German export chauvinism believes itself to be on the island of the blessed, where no crisis exists anymore. It is true that mass poverty and slum conditions have continued to rise in this country as well. But that is not an issue when the economy is booming all the same. China and the USA are not the only ones buying big in Germany thanks to government aid. Together with cars and machine tools, the crisis was mainly exported to the less blessed parts of the EU for the time being. The euro makes it possible because it favors the high-tech export roller. And that’s why it has to be saved. The regulars get artificially excited about alleged gifts of billions for the “lazy Greeks.” But the gifts are not gifts at all, but additional loans that are to be serviced by hook or by crook. This is only possible if Greece saves itself to death and literally cuts the costs of the euro bailout out of its citizens, including the middle class. It is no longer just militant young people who are taking to the streets against this, but also conservative housewives, doctors and teachers, grandpas and grannies.
As is well known, the social pain threshold is not only being exceeded in Greece. For similar reasons, the austerity terror is also raging in Spain, Portugal, Ireland and elsewhere; even in Great Britain, which, although not part of the euro zone, had to save its own banks and is now making its own population pay for it. Everywhere, a revolt is brewing against the selling off of the last public resources, which, although so far aimless in sociopolitical terms, will soon be containable only by force. Suddenly, “Arab conditions” are looming in the middle of the EU. Whereas the uprisings there have so far been perceived by the media as crucifixive “democratization movements,” the social misery is now emerging as the true motivation on the ground of the European democracies themselves. At the center, here as well as there, is the dramatic mass unemployment of the academic youth, which, by the way, has long been noticeable in China and the other Asian boom countries.

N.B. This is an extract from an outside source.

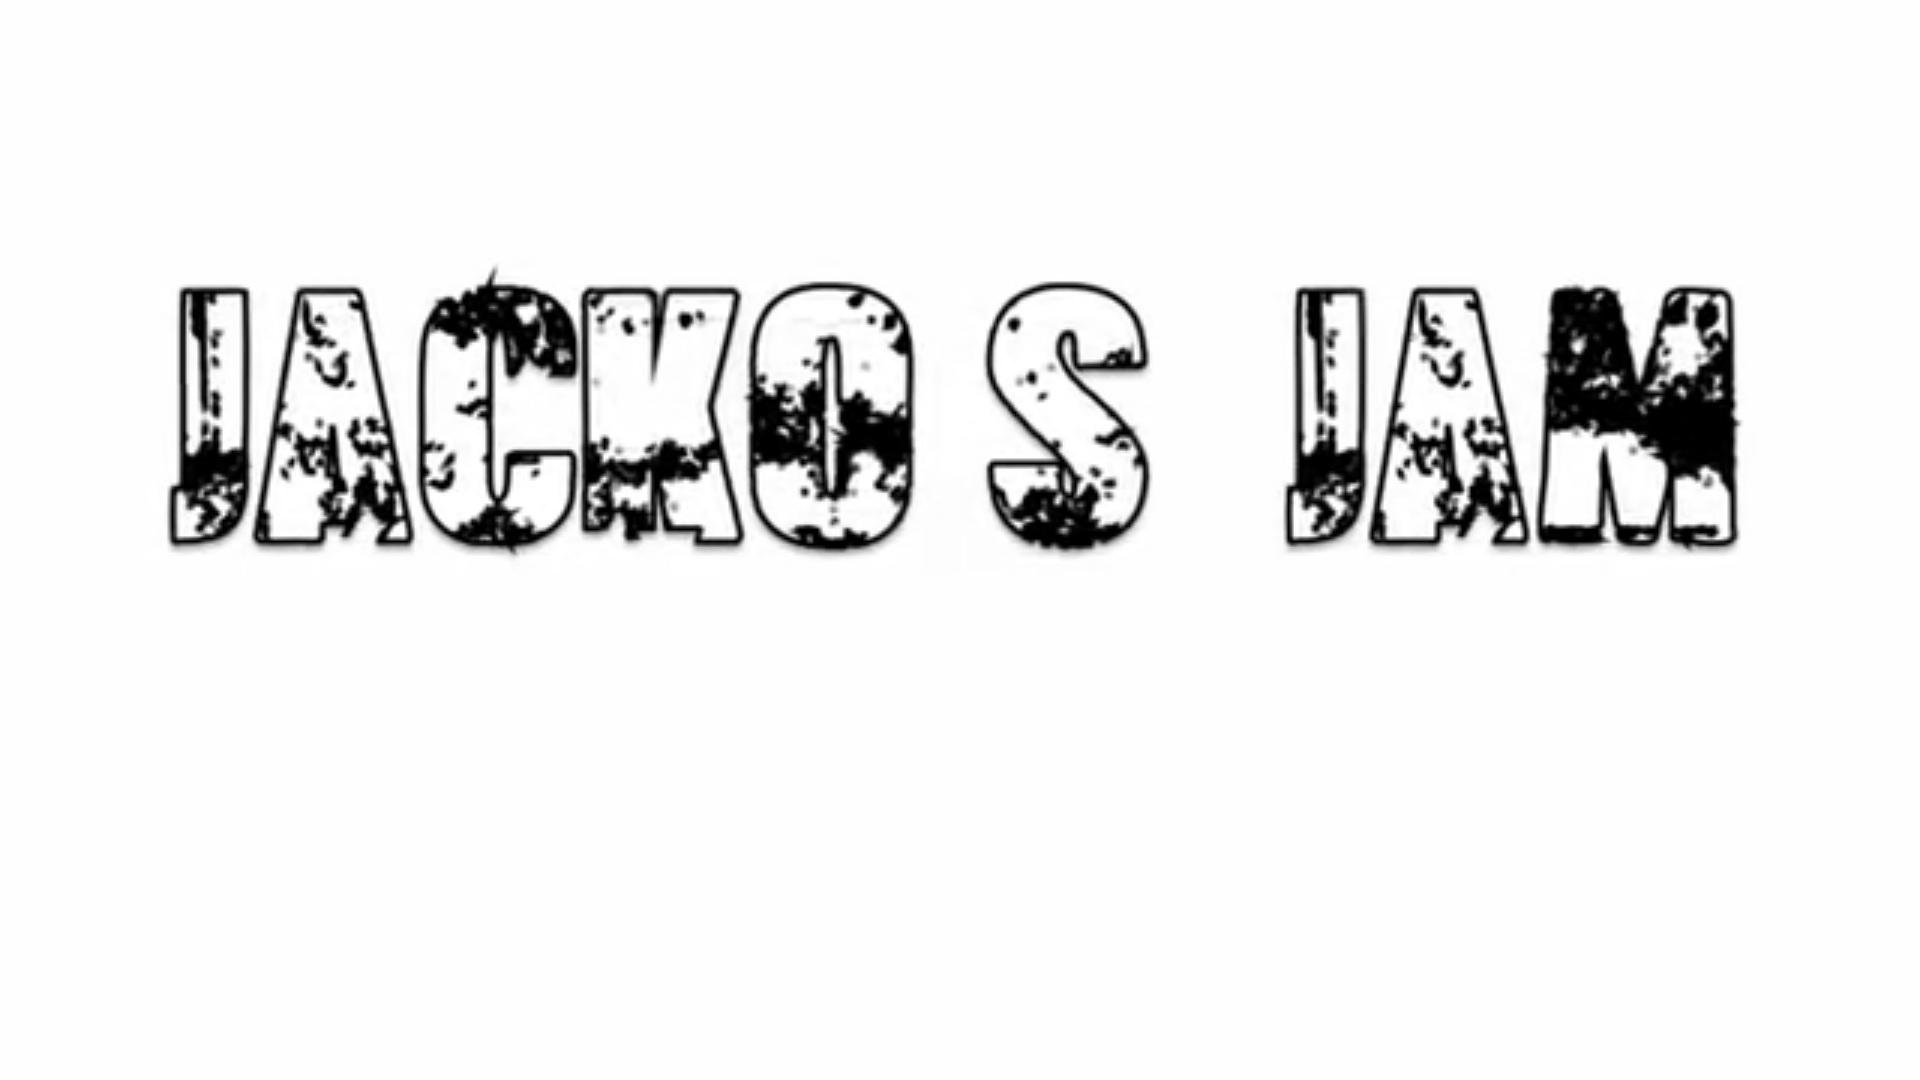 Jacko's Jam 2013

It was the central banks’ flood of money and the global government bailout programs that led to new financial bubbles, rampant inflation or, as in the euro zone, to the brink of currency collapse. The extremist austerity policy is the about-face to escape these consequences. However, this is the only way to manifest the crisis in its full extent. Greece, currently the weakest link in the chain, shows after Arabia the future of the capitalist economy and its world of states. If, after the young, the older generation also suffers the consequences of the crisis as a result of state intervention, the legitimacy of the political system will collapse. This is not only a social and political problem, but also affects capital itself. After all, the mania for austerity against the consequences of the bailout mania is also stifling the global economy again in the end. It is absurd to imagine that the FRG can bask in the glow of its successful crisis exports while the world around it is on fire. It will be interesting to see how the supposed winners of the crisis react socially and politically when the misery finally reaches them.